No simplex representation can be generated, in such case, one column from adata.obsm['to_terminal_states'] is used as 2d representation to be combined with the time estimate.
What about multiple initial states?
We could combine adata.obsm['X_fate_simplex_fwd'] or adata.obsm['to_terminal_states'] with adata.obsm['X_fate_simplex_bwd'] or adata.obsm['from_intial_states'] into a 4d representation, this will be implemented and tested in a future version.
Downstream analysis¶
Test and fitting associated genes¶
[24]:
adata=adata.raw.to_adata()
[25]:
sc.pp.filter_genes(adata,min_cells=3)
sc.pp.normalize_total(adata,target_sum=1e6)

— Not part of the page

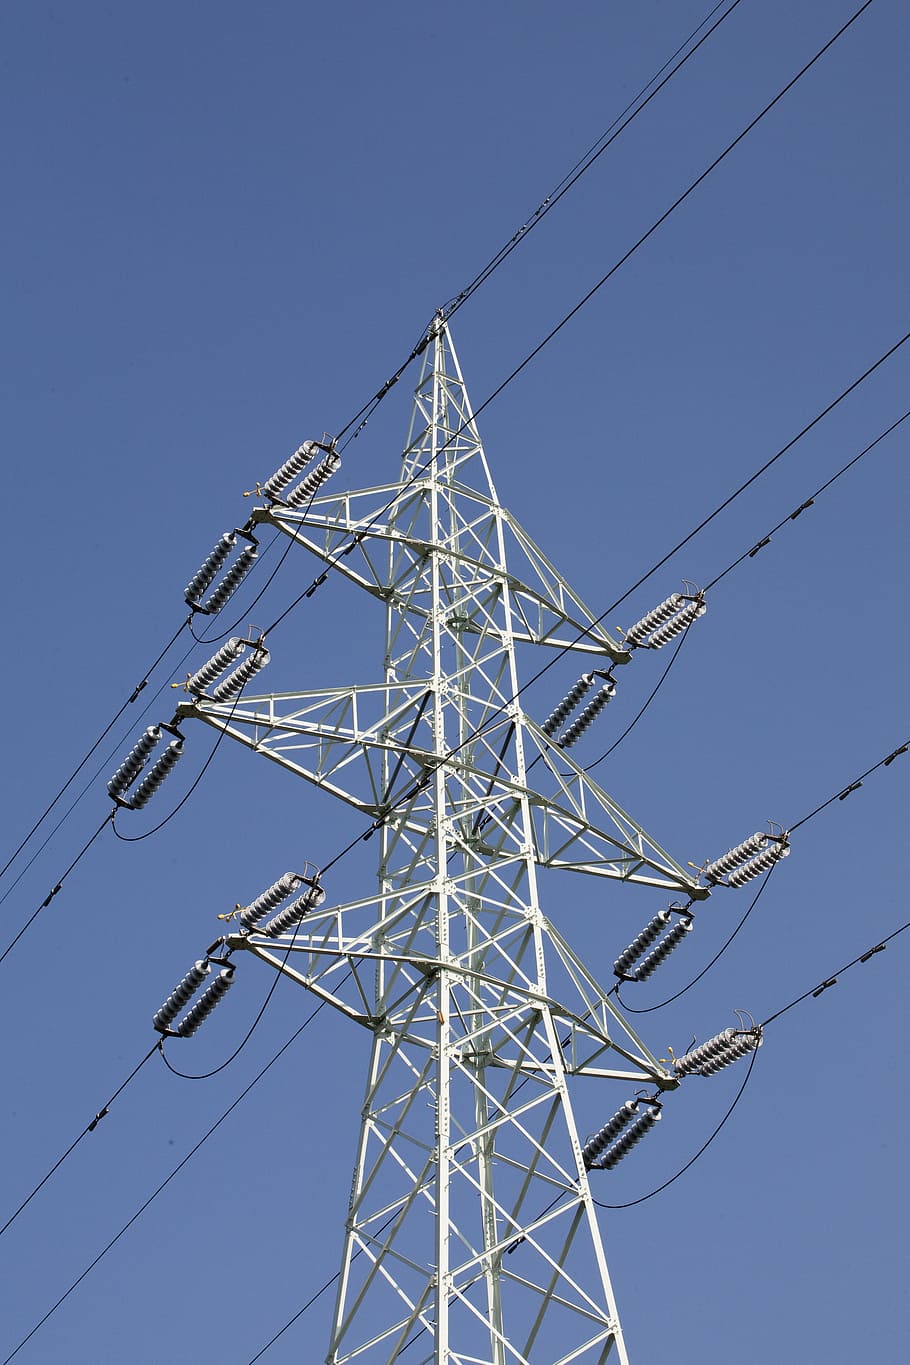 líneas de alta tensión, primera línea, torre de hierro, cable, electricidad, líneas de transmisión, torre de transmisión de potencia, cielo, vista de ángulo bajo, fuente de alimentación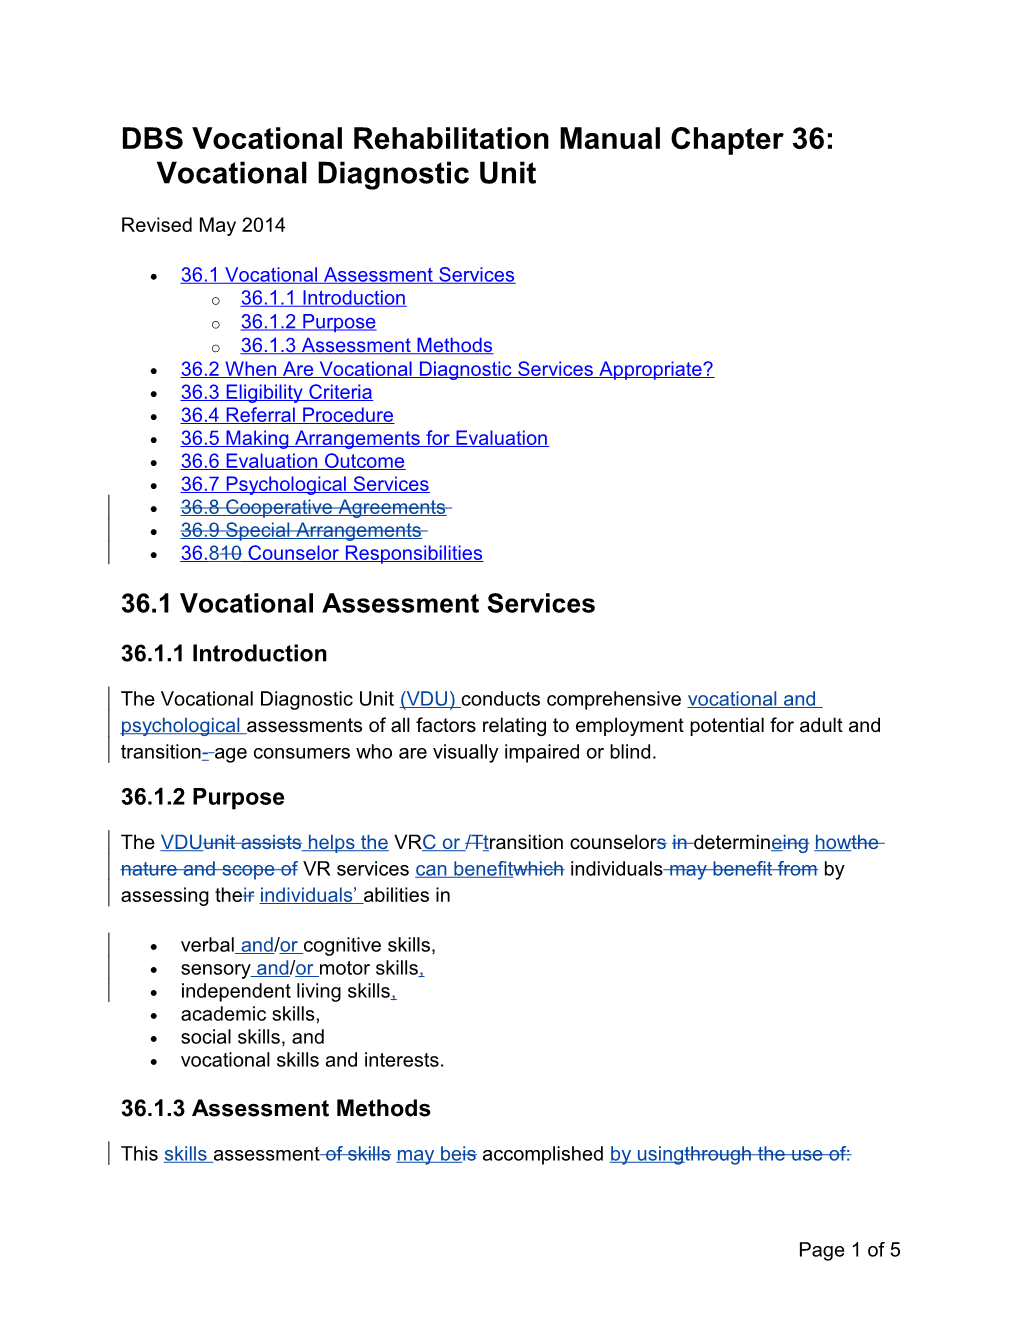 DBS VR Manual Chapter 36 Revisions, May 2014

sc.pp.log1p(adata,base=10)
[26]:
scf.tl.test_association(adata,n_jobs=20)
test features for association with the trajectory
single mapping : 100%|██████████| 14939/14939 [02:34<00:00, 96.67it/s]
found 1545 significant features (0:02:34) --> added
.var['p_val'] values from statistical test.
.var['fdr'] corrected values from multiple testing.
.var['st'] proportion of mapping in which feature is significant.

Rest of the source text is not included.